Deep down in the file we can see in detail how the compute-intensive
statements are translated some complex C code that is quite different from
what we a human would write (at least if a direct correspondence to
the mathematics was in mind).
Cython code must be translated to C, compiled, and linked to form what
is known in the Python world as a C extension module.
This is usually done by making a setup.py
script, which
is the standard way of building and installing Python software.
For an extension module arising from Cython code, the following
setup.py
script is all we need to build and install the module:
from distutils.core import setup
from distutils.extension import Extension
from Cython.Distutils import build_ext
cymodule = 'wave2D_u0_loop_cy'
setup(
name=cymodule
ext_modules=[Extension(cymodule, [cymodule + '.pyx'],)],
cmdclass={'build_ext': build_ext},
)
We run the script by
Terminal> python setup.py build_ext --inplace
The --inplace
option makes the extension module available in the
current directory as the file wave2D_u0_loop_cy.so
. This
file acts as a normal Python module that can be imported and inspected:
>>> import wave2D_u0_loop_cy
>>> dir(wave2D_u0_loop_cy)
['__builtins__', '__doc__', '__file__', '__name__',
'__package__', '__test__', 'advance', 'np']

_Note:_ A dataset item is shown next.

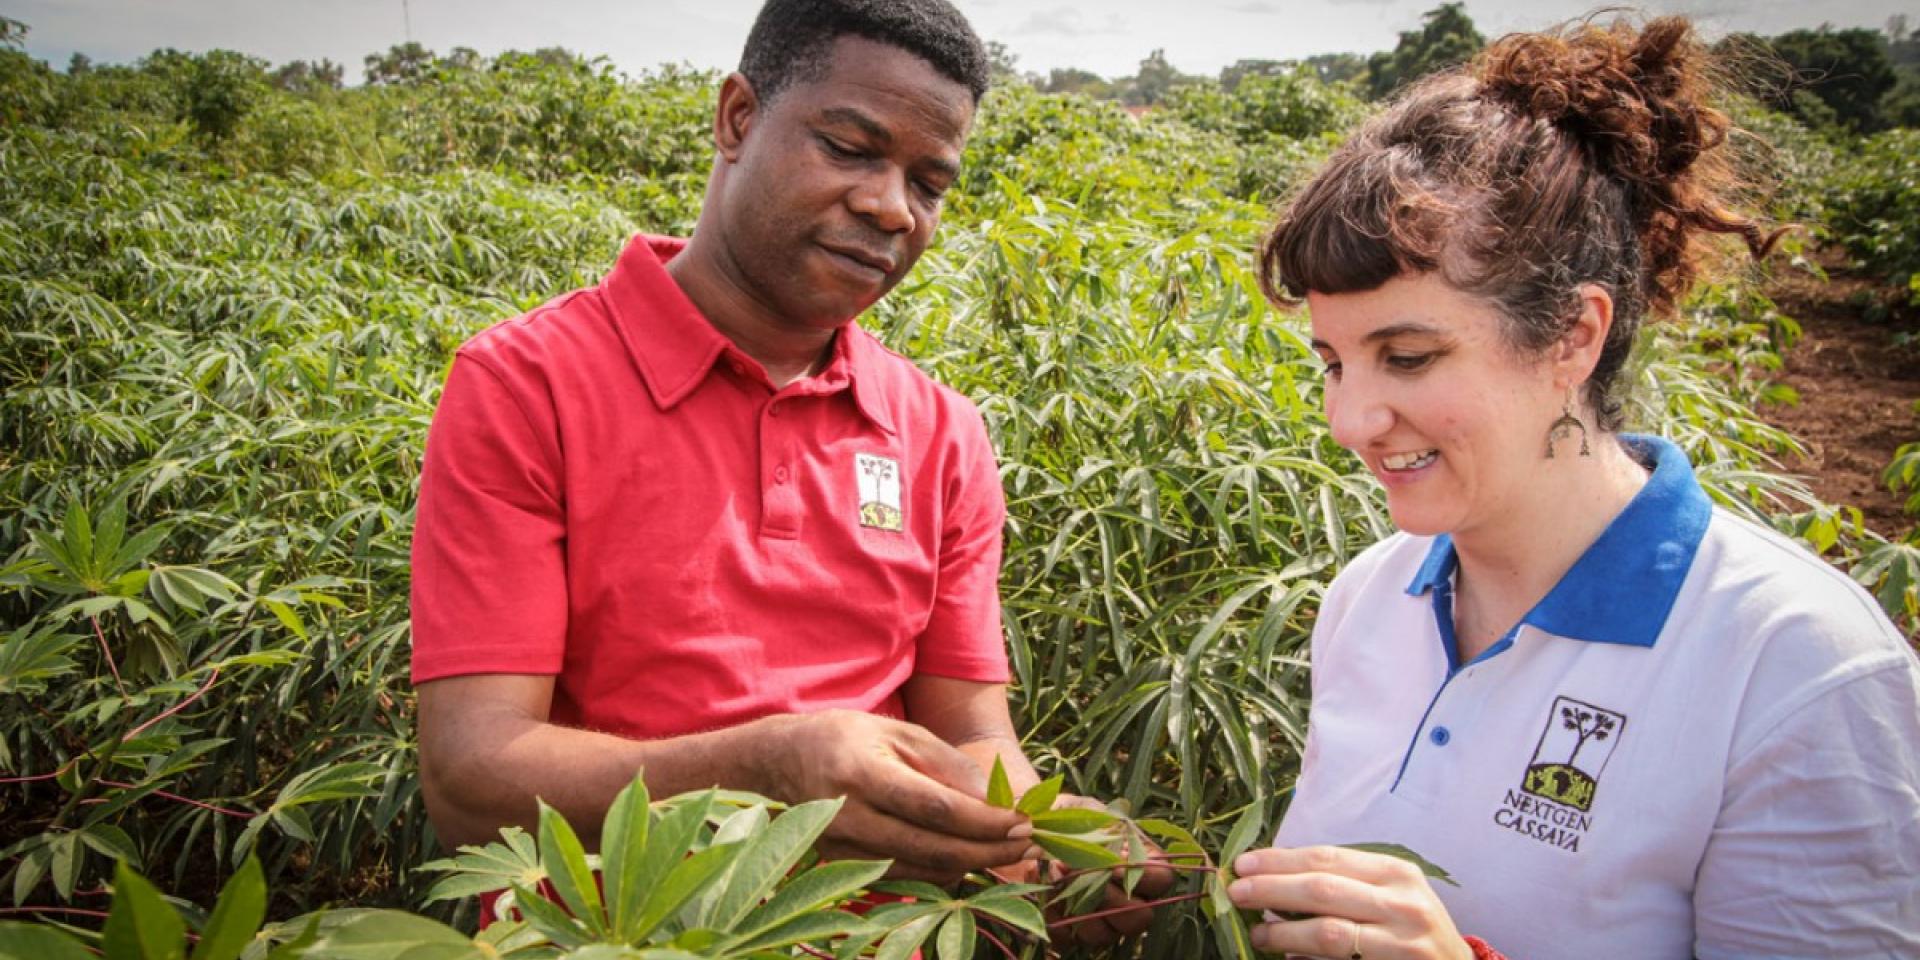 Hale Ann Tufan, right, inspects a cassava plant with Chiedozie Egesi, program director for the NextGen Cassava project, during a visit to research fields in Namulonge, Uganda
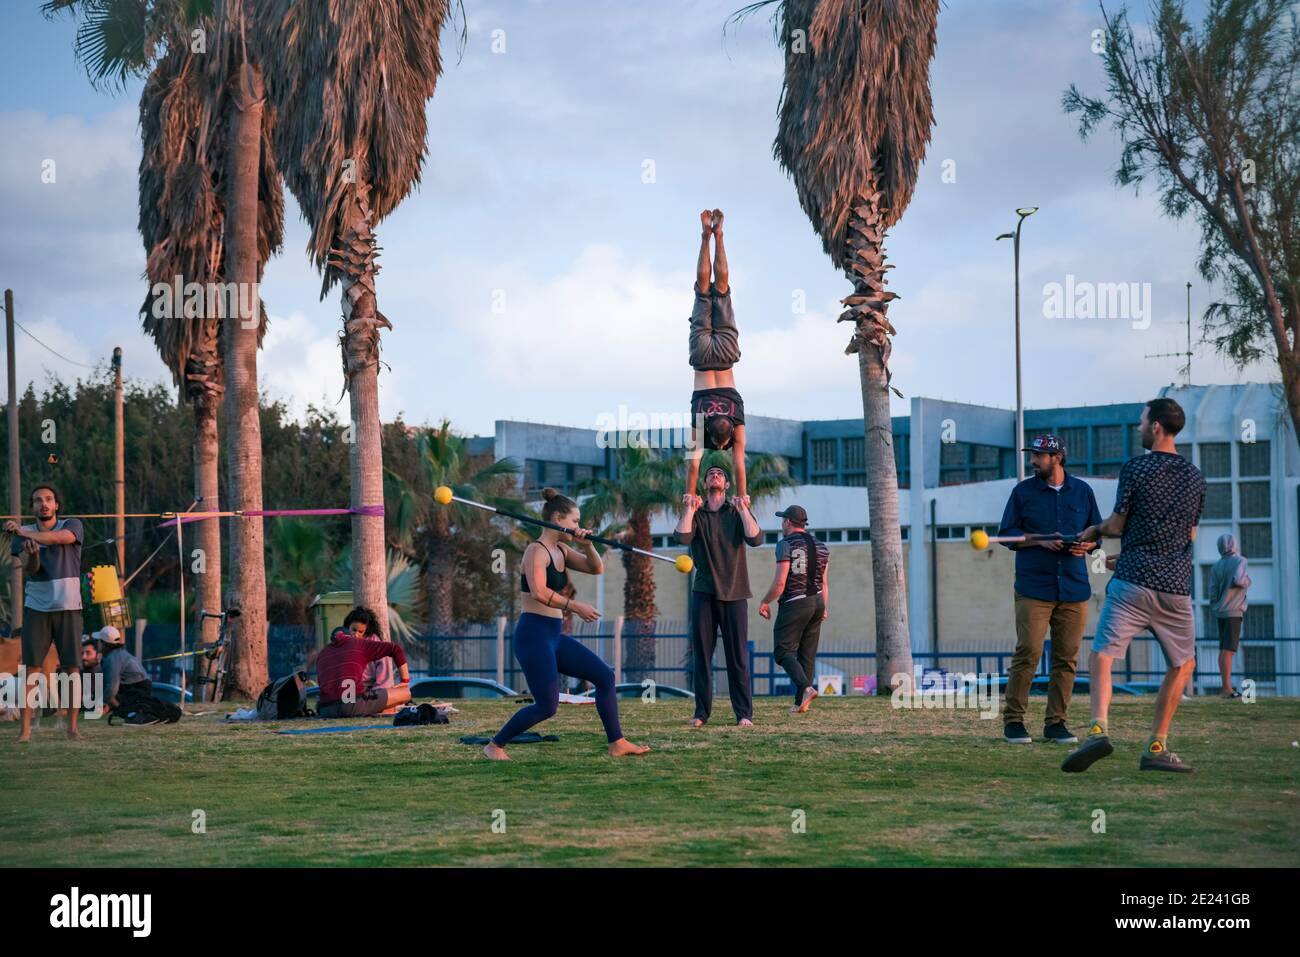 People Practice Acro Yoga, slackline, Spirits, Juggling, Outdoors in the park. Healthy Lifestyle, Tel Aviv, Israel. High quality photo Stock Photo

The important output from the dir
function is our Cython function
advance
(the module also features the imported numpy
module under
the name np
as well as many standard Python objects with double
underscores in their names).
The setup.py
file makes use of the distutils
package in Python
and Cython's extension of this package.
These tools know how Python was built on the computer and will
use compatible compiler(s) and options when building other code
in Cython, C, or C++. Quite some experience with building large
program systems is needed to do the build process manually, so using
a setup.py
script is strongly recommended.
When there is no need to link the C code with special libraries, Cython offers a shortcut for generating and importing the extension module:
import pyximport; pyximport.install()
This makes the setup.py
script redundant. However, in the wave2D_u0.py
code we do not use pyximport
and require an explicit build process
of this and many other modules.
The wave2D_u0_loop_cy
module contains our advance
function, which we now may call from
the Python program for the wave equation:
import wave2D_u0_loop_cy
advance = wave2D_u0_loop_cy.advance
...
for n in It[1:-1: # time loop
f_a[:,:] = f(xv, yv, t[n]) # precompute, size as u
u = advance(u, u_1, u_2, f_a, x, y, t, Cx2, Cy2, dt2)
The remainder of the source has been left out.